In 2001, Kerry and Ginny Dennehy lost their 17-year-old son Kelty to suicide.
The same year, they launched The Kelty Patrick Dennehy Foundation to help those coping with a similar trauma and to raise funds for mental health resources.
Tragedy hit the family again in 2009 when their 23-year-old daughter Riley, who struggled with the loss of her brother for years, passed away suddenly while travelling in Asia.
Determined to help others after the loss of their two children, the Dennehys and their foundation continue the long journey of changing how Canada perceives the disease of depression.
This summer, the 60-plus-year-old parents are cycling 8,000 kilometres across Canada on their Enough is Enough Ride to end the stigma of mental illness and the lack of care for sufferers. They arrived for a rally in Brandon on Monday evening.
"This ride is deeply important to us, as charity fundraisers and as parents," Ginny said. "Since we lost our son Kelty to depression-related suicide in 2001, we have worked to ensure that young people — and families — do not have to endure the same trauma.
"Enough is Enough is the next step in this process to help provide resources, awareness and care needed by all sufferers of mental illness, regardless of age or location."

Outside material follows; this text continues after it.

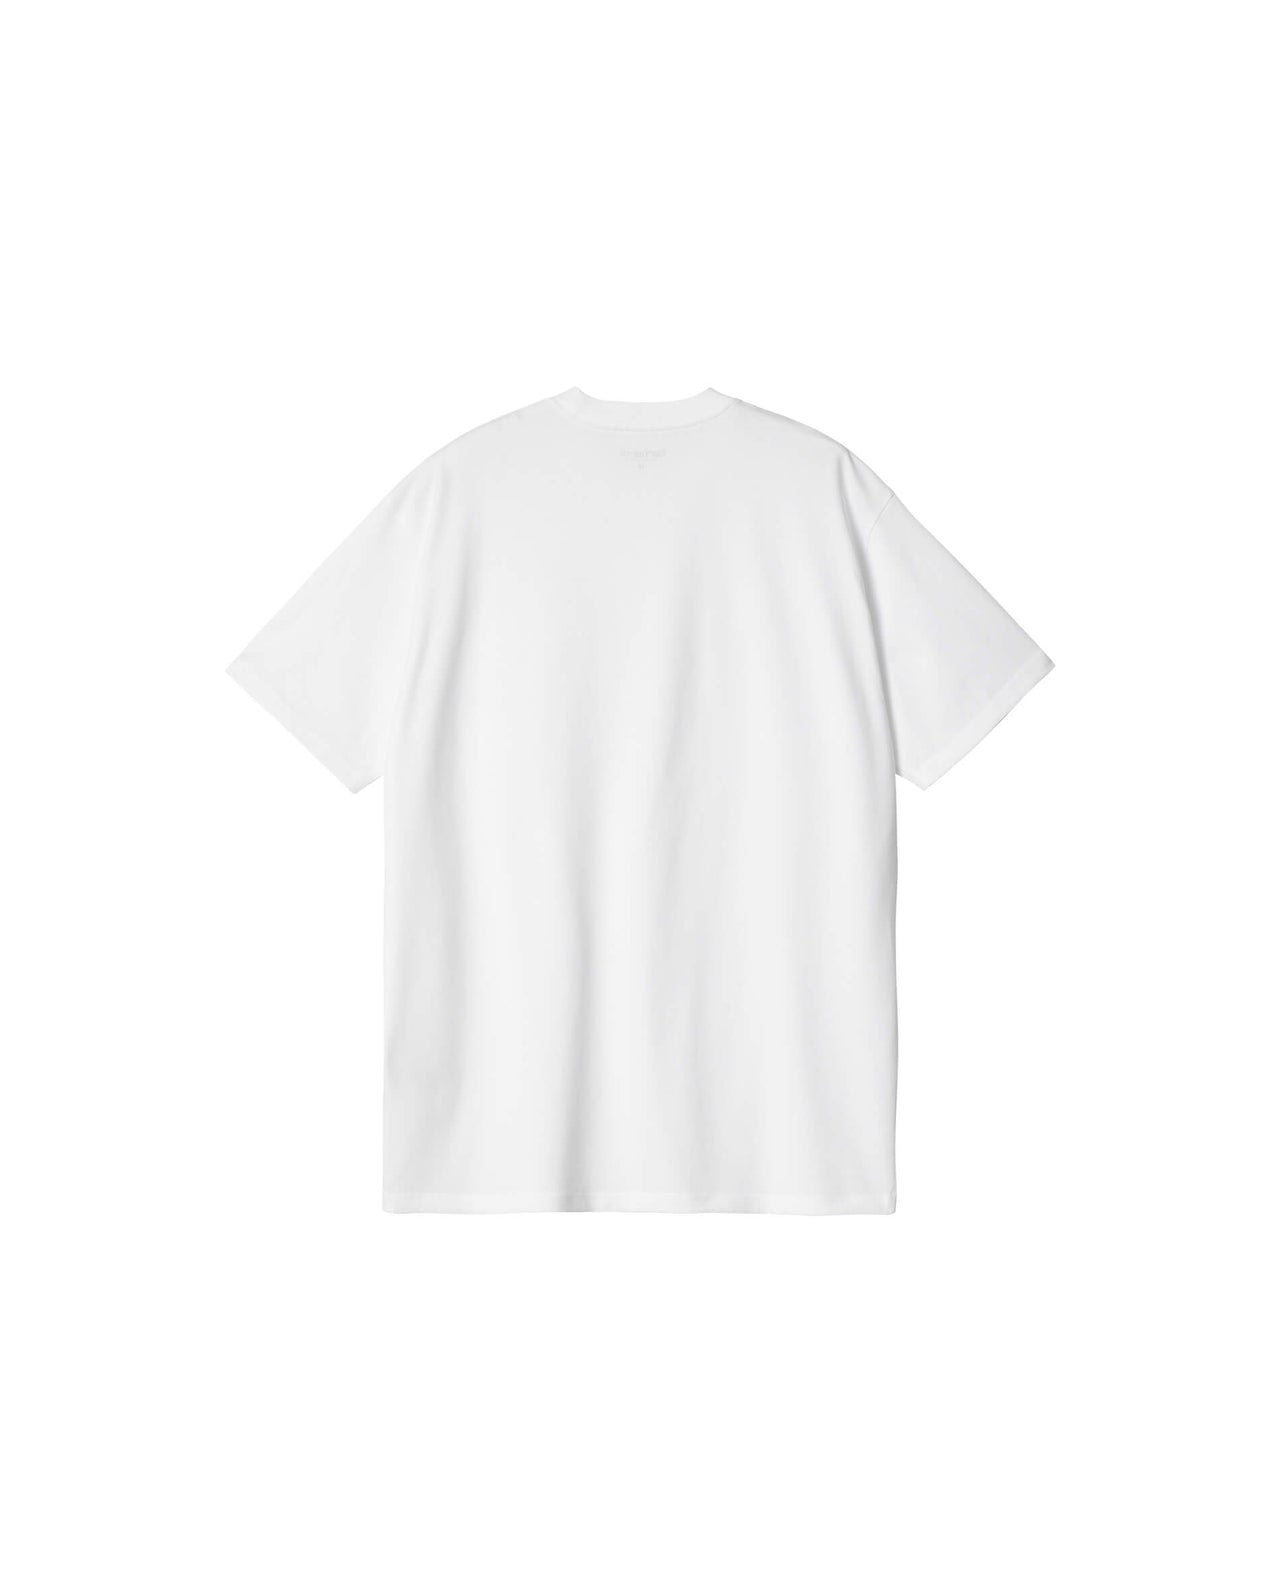 Carhartt WIP Amour Pocket T-Shirt

Since Kelty’s death, the foundation has raised more than $5 million. The Enough is Enough Ride aims to raise $1 million as part of the $6.7 million needed to create a Kelty Mental Health Resource Centre in every province and territory in Canada.
The Dennehys left Whistler, B.C., on Mother’s Day with the hope of arriving at Cape Spear, N.L., in August. Along the way they’ve hosted fundraisers, awareness campaigns and talks to get their message across.

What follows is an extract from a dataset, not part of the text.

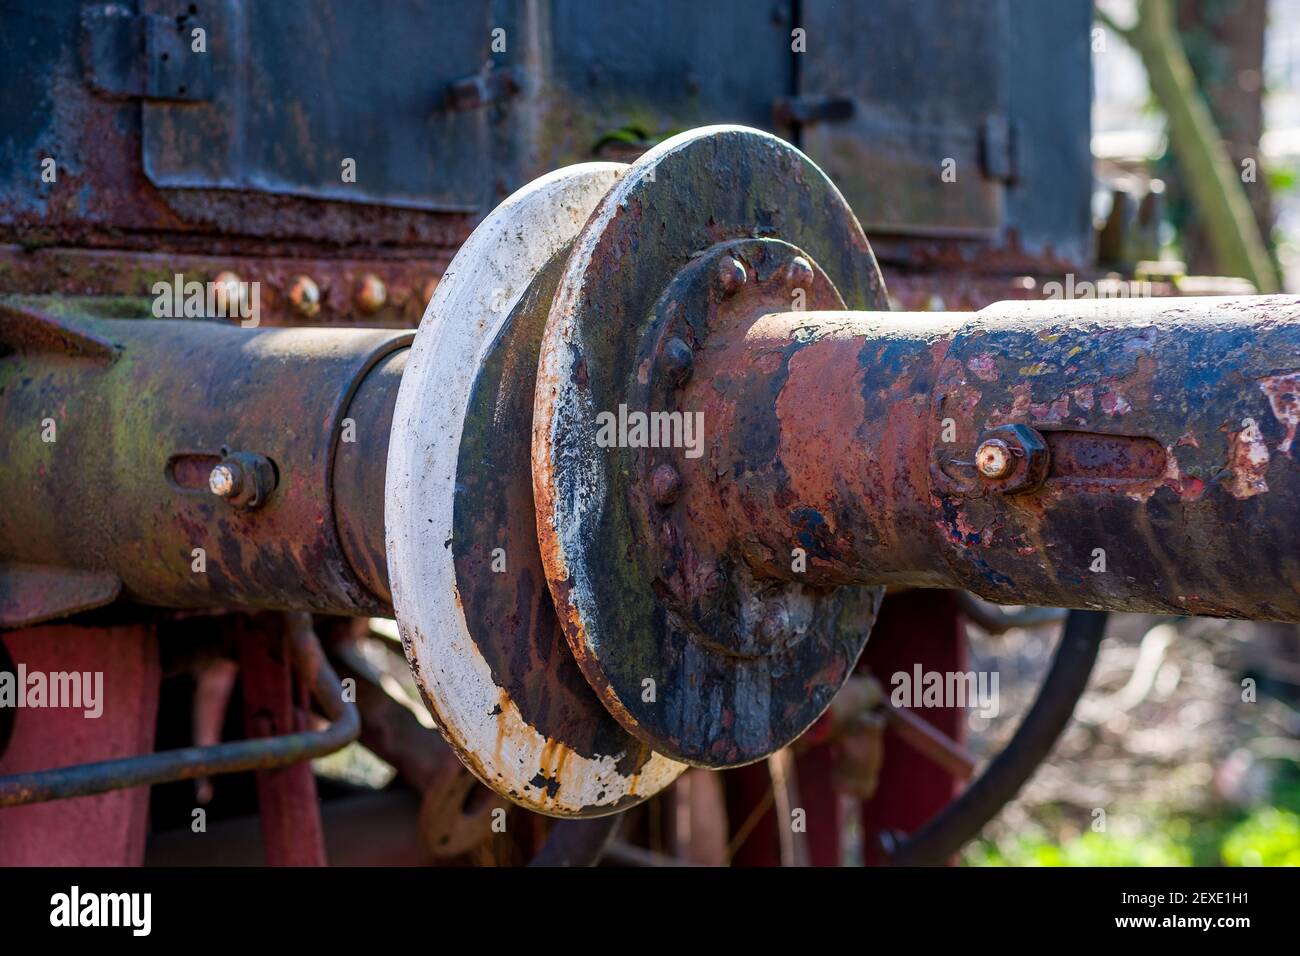 Details of an old steam locomotive, Craiova railway station, Romania, EU. Stock Photo

Such a message becomes more essential each day. According to a foundation release, suicide continues to be the second leading cause of death for Canadian youth — the third-highest rate in the industrialized world.
Depression is forecast to be the second leading cause of disability by 2020.
Although up to 70 per cent of mental health problems begin during childhood, the release says, fewer than one-quarter of those affected have access to the services they need.
The Kelty Patrick Dennehy Foundation works with health workers, mental health organizations and community partners.
All money raised during the Enough is Enough Ride will remain within the province in which it was received.